Dix ans après, enquête autour des noyés de la Deûle
Faits Divers Dans «Les morts de la Deûle», le journaliste Tomas Statius décrit le rôle de l’ultradroite dans cette affaire de 2011
Après deux ans d’enquête, le journaliste Tomas Statius remet en question, avec un vrai talent d’écriture, l’hypothèse de la série d’accidents dans ce qu’on a appelé « l’affaire des noyés de la Deûle », qui avait angoissé Lille en 2011. A l’époque, cinq corps avaient été repêchés dans la rivière. Son livre Les morts de la Deûle (éditions JC Lattès) est sorti mercredi.
Pourquoi revenir sur ces affaires vieilles de dix ans ?
A l’époque, j’étais étudiant à l’Institut d’études politiques de Lille. Ça m’a profondément marqué, tout comme mes proches et mes amis. On a toujours eu des doutes sur les conclusions des enquêtes. En plus, peu avant, en 2009, un étudiant de notre école, Guillaume Mittre, avait aussi péri noyé dans la Deûle. Ceux qui l’avaient poussé s’étaient dénoncés, mais s’ils ne l’avaient pas fait, aurait-on retrouvé les coupables ?
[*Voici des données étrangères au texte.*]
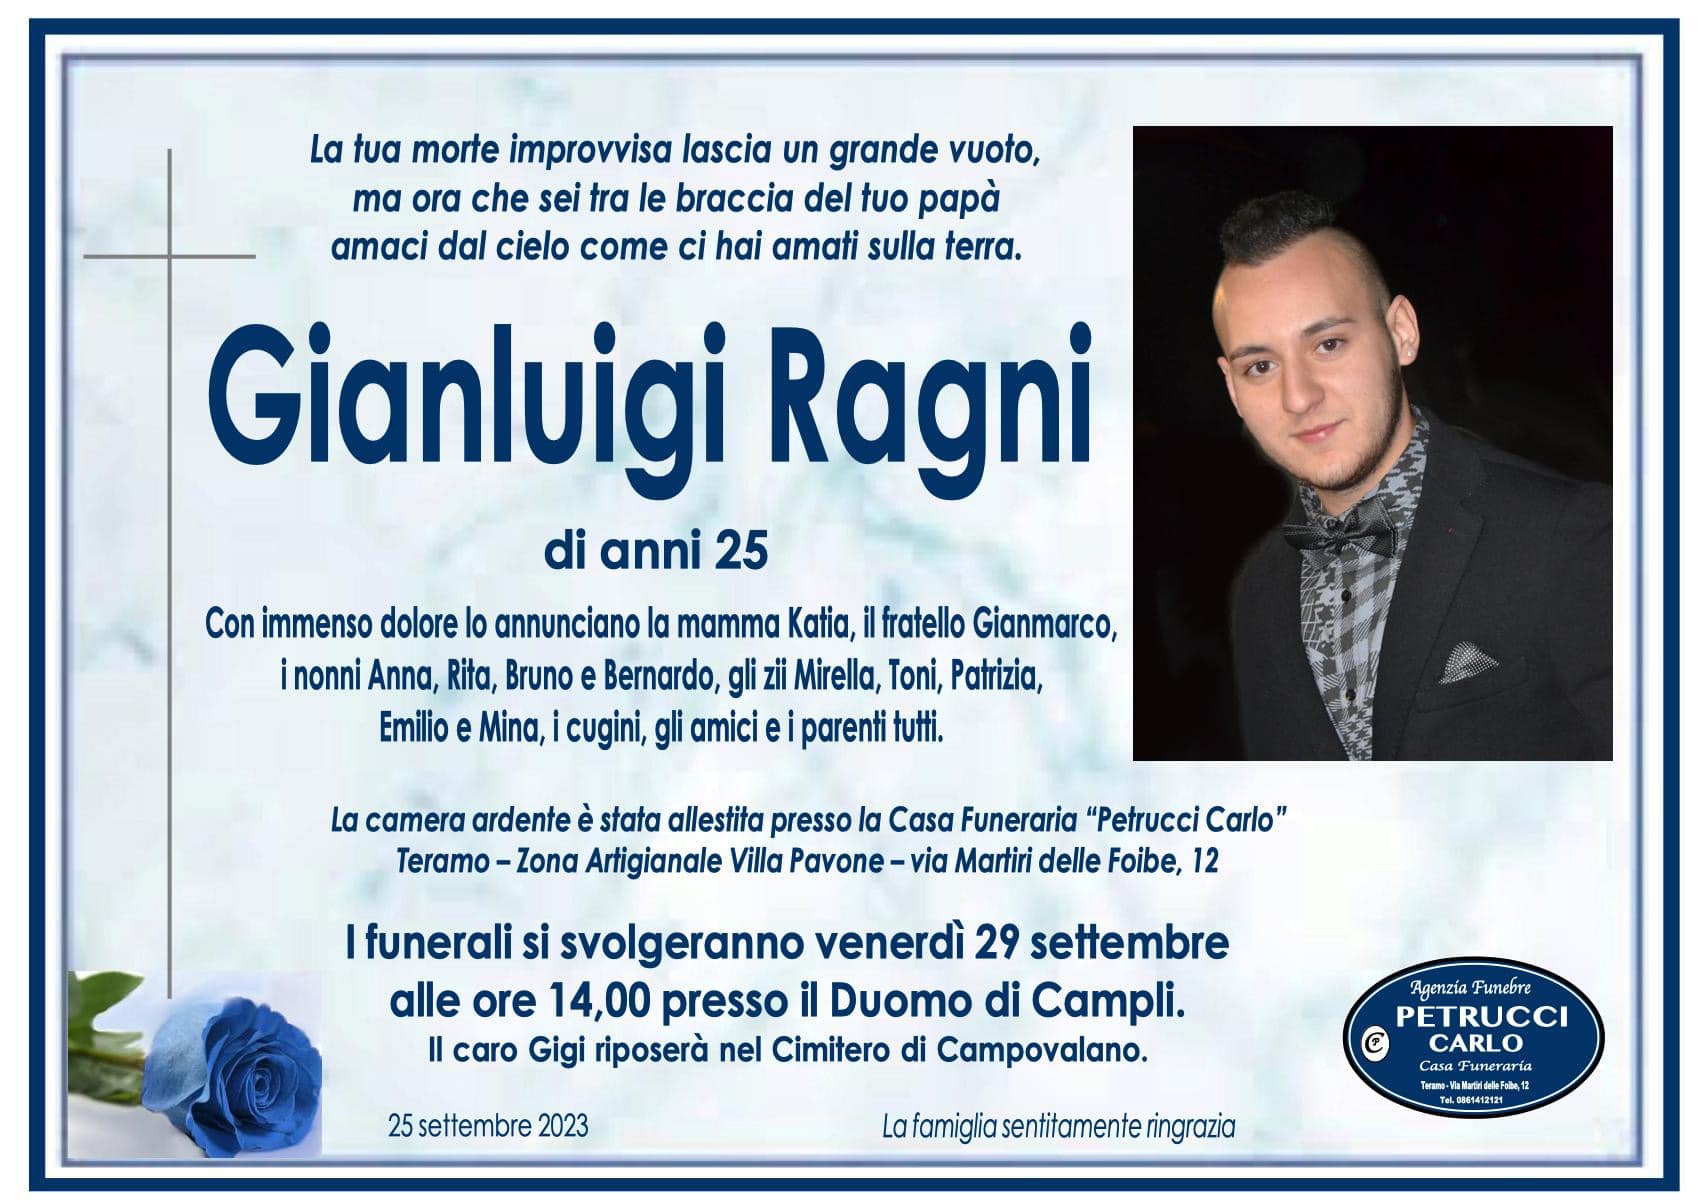 Venerdì 28 settembre: Giornata dell'Addio a Gianluigi Ragni, L'Operaio di 25 Anni di Campli Deceduto in un Tragico Incidente Elettrico
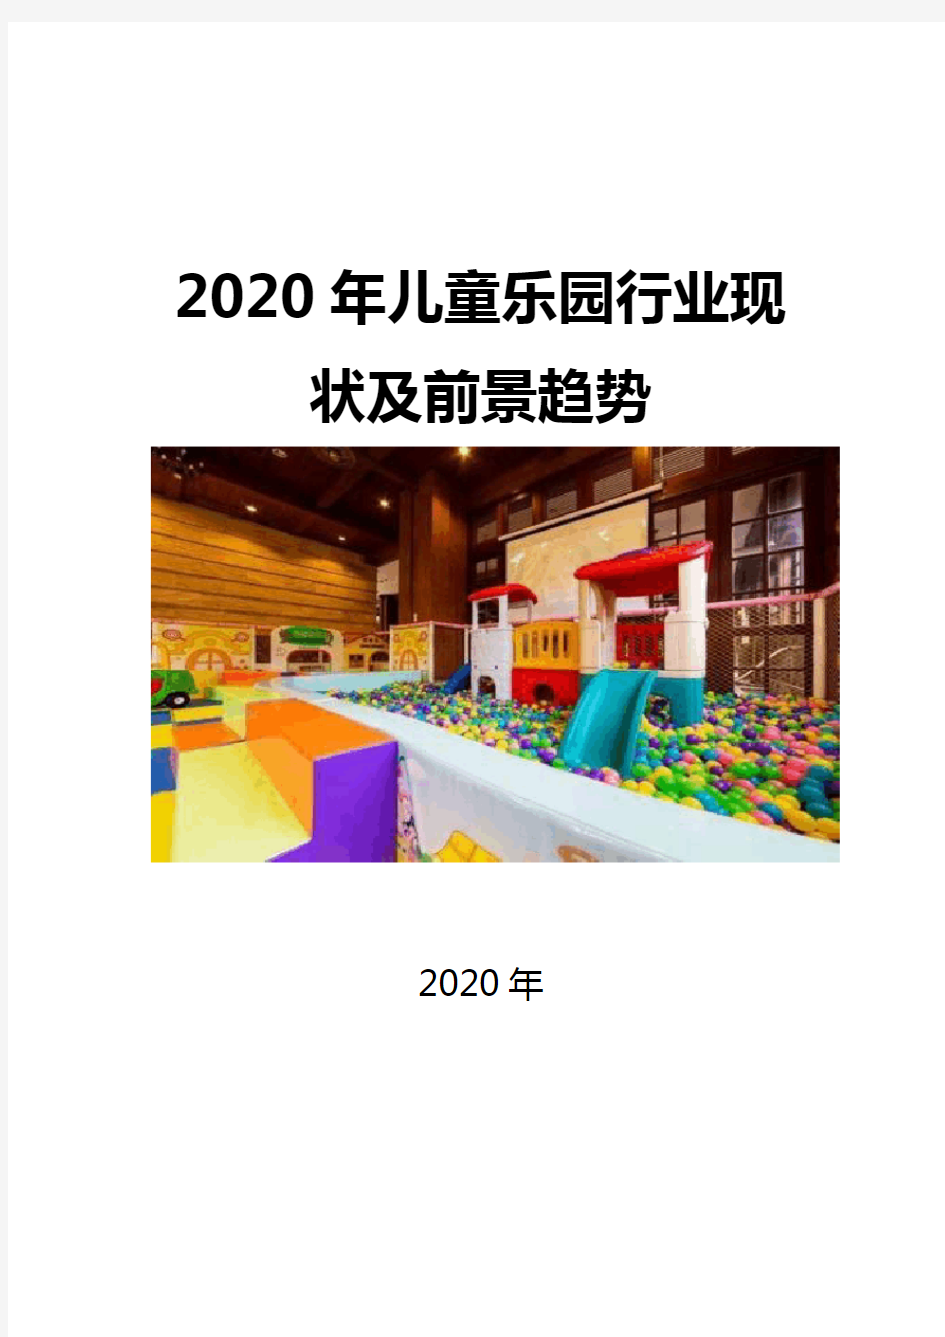 2020儿童乐园行业现状及前景趋势

Quelles sont vos conclusions ?
Je n’ai pas de réponses définitives à apporter. L’objectif n’est pas de savoir s’il s’agit de meurtres ou d’accidents, mais de retrouver l’atmosphère urbaine qui régnait alors à Lille. L’idée de départ du livre, c’est qu’à partir d’un fait divers, on peut raconter un milieu. Et dans le Nord, c’est celui de l’extrême droite et des skinheads qu’il me paraissait intéressant d’aborder.
Pourquoi ?
A l’époque des faits, Lille était en proie à des affrontements nocturnes réguliers entre militants d’extrême droite et d’extrême gauche, mais aussi à des agressions, parfois sur fond d’homophobie. Ce phénomène était peu couvert. Ce contexte politique local manquait dans le traitement médiatique de ces affaires.
« Je tente de retracer une généalogie de l’extrême droite. »
Tomas Statius, journaliste
D’autant qu’en 2017, des militants d’extrême droite ont été mis en examen dans une des affaires…
Il a fallu attendre ce moment-là pour que les médias commencent à en parler. Dans ce livre, je tente d’aller plus loin et de retracer une généalogie de l’extrême droite, en creux de ces affaires, pour les éclairer d’une autre manière. J’ai recueilli les témoignages de personnes qui ont milité dans ces mouvements d’ultradroite. Souvent, il y a une réticence des journalistes à les interroger, car elles viennent d’un milieu sulfureux. Pourtant, dans le cadre de cette enquête, elles racontent beaucoup de choses intéressantes.
Le livre fourmille aussi de détails sur la dernière soirée de chaque victime.
Oui, j’ai essayé de contacter chaque témoin et j’ai ressenti chez elles une vraie volonté de mettre un point final à ces affaires.